= PROBLEM REQUIREMENTS =
Please transcribe the data that follows exactly as given, leaving out every picture.

= SOURCE DATA =
-- -- --

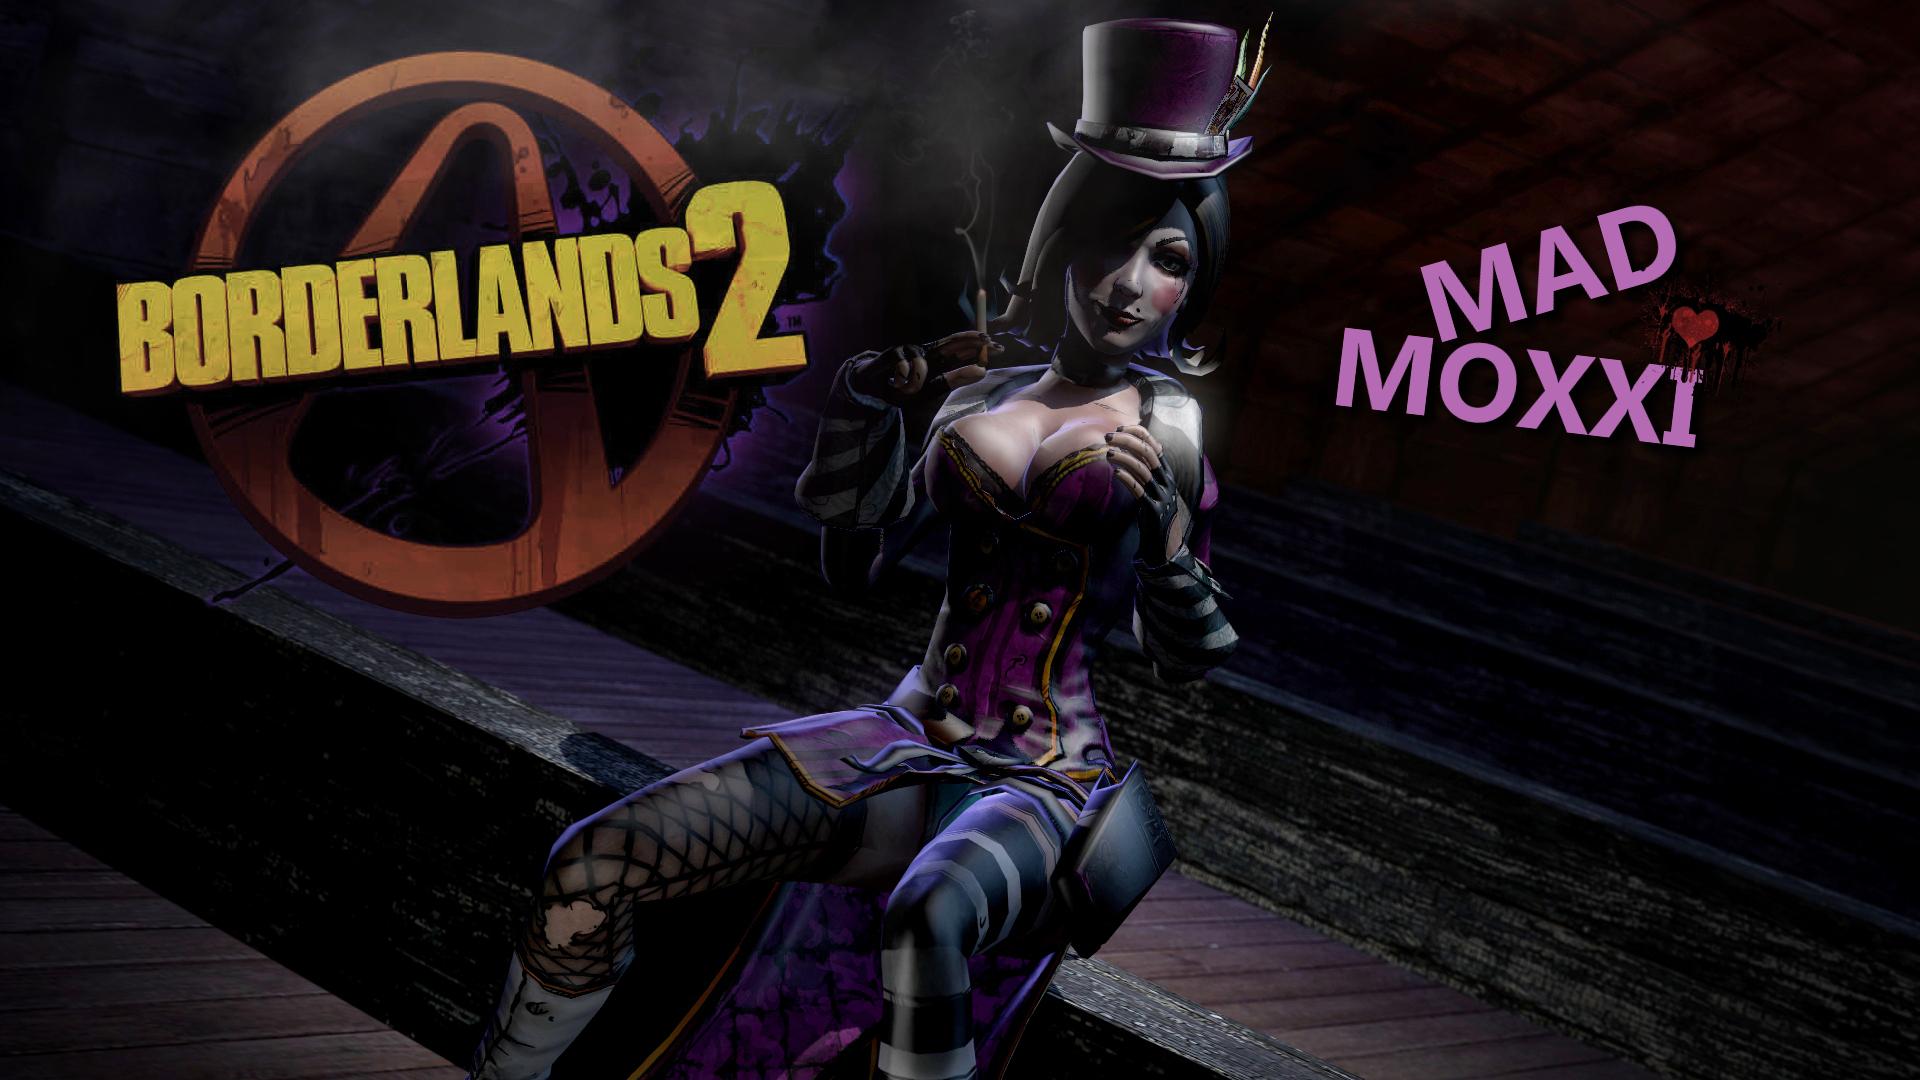 BORDERLANDS 2 - MAD MOXXI Cosplayer: MonoAbel
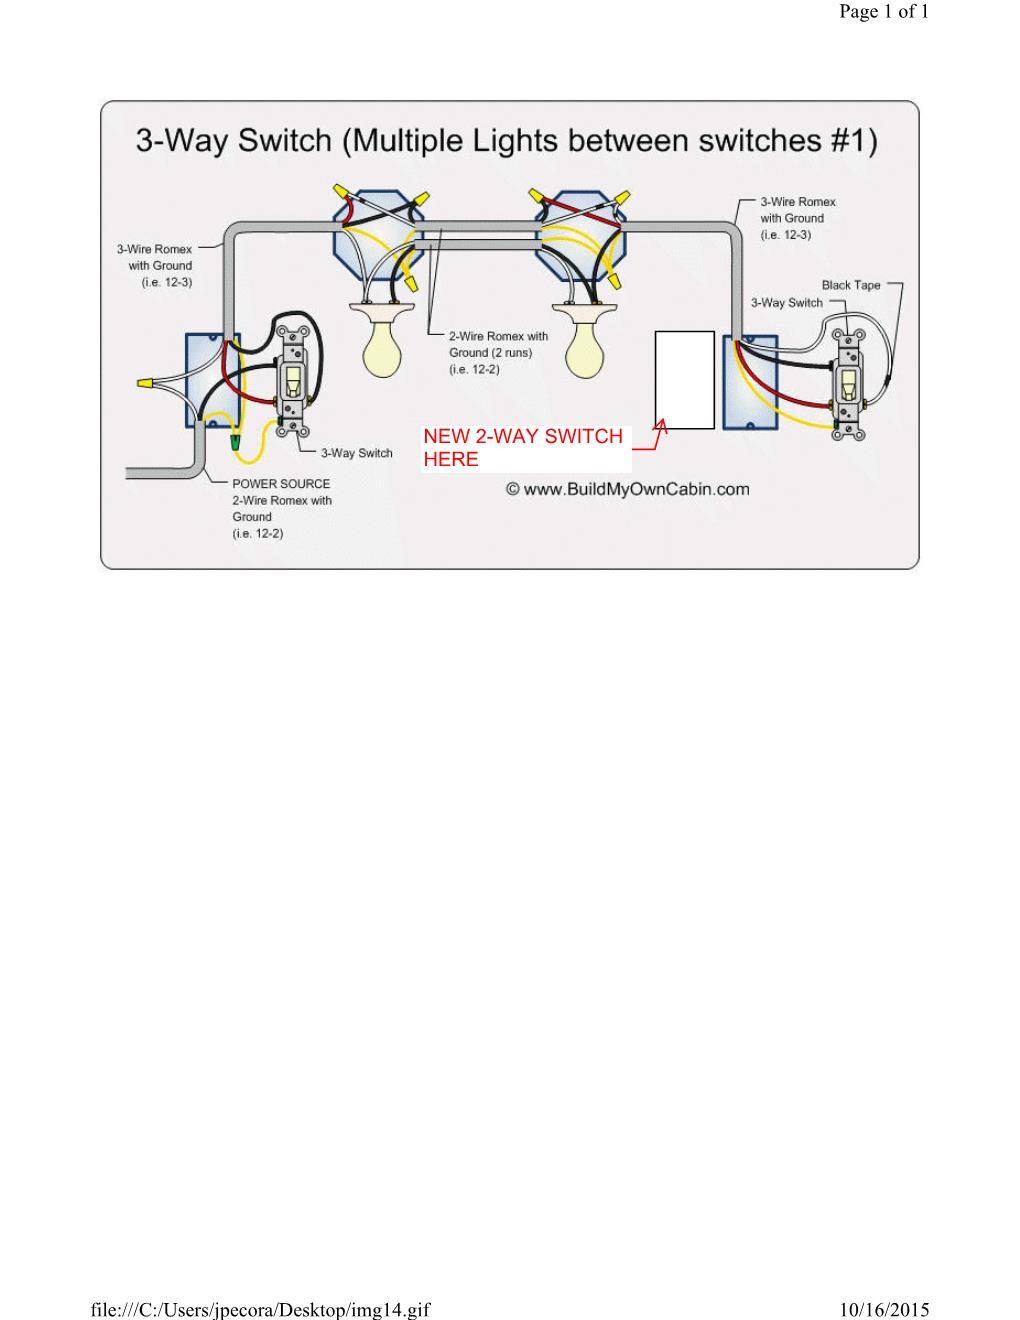 3 Way Switch Single Pole Wiring Diagram Free Download Wiring Diagram ...
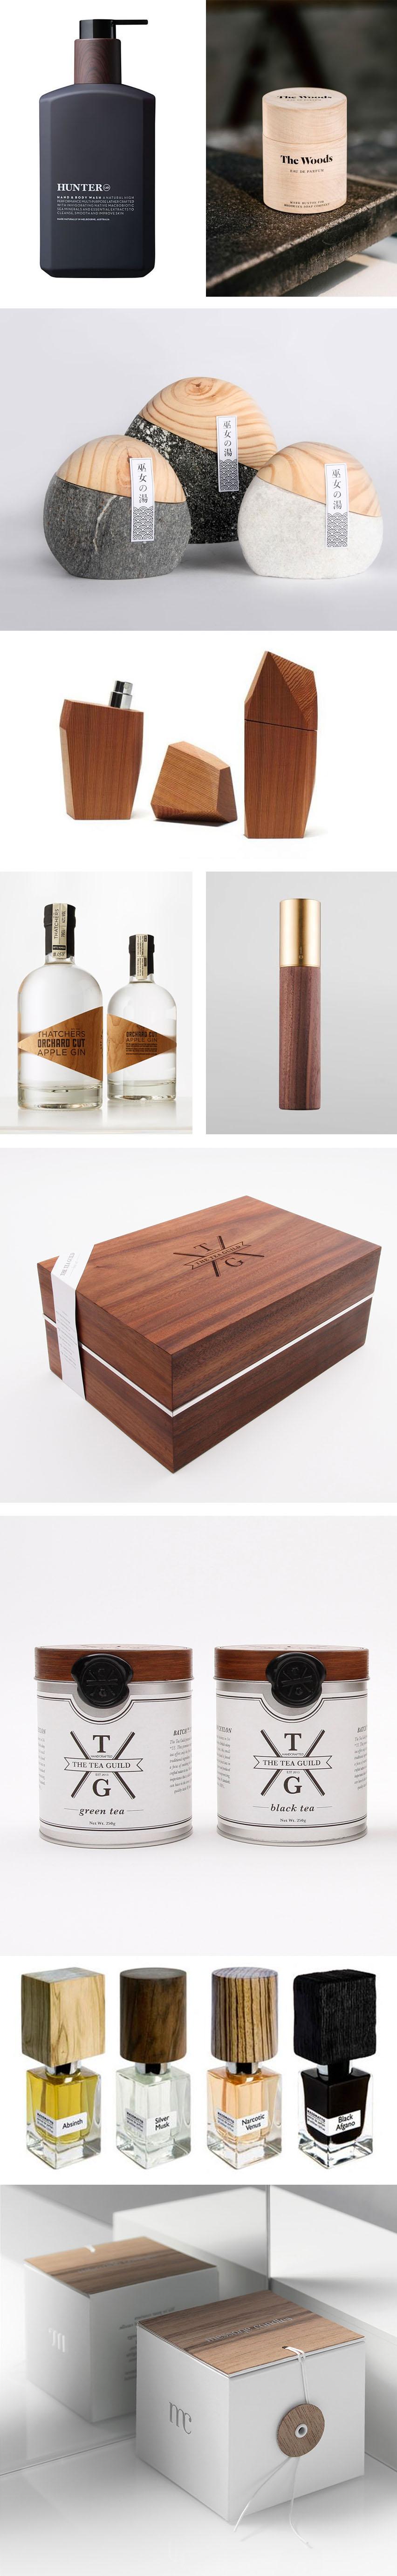 Wood packaging at Förpackad
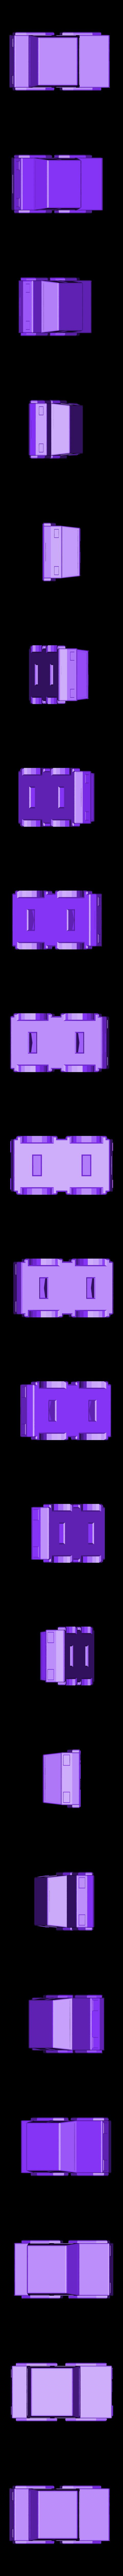 SmallToys-BodyCar4.stl Download STL file SmallToys - Cars pack • 3D print design, Wabby

-- -- --

= EXPECTED OUTPUT =
 BORDERLANDS 2 - MAD MOXXI Cosplayer: MonoAbel
 3 Way Switch Single Pole Wiring Diagram Free Download Wiring Diagram ...
 Wood packaging at Förpackad
 SmallToys-BodyCar4.stl Download STL file SmallToys - Cars pack • 3D print design, Wabby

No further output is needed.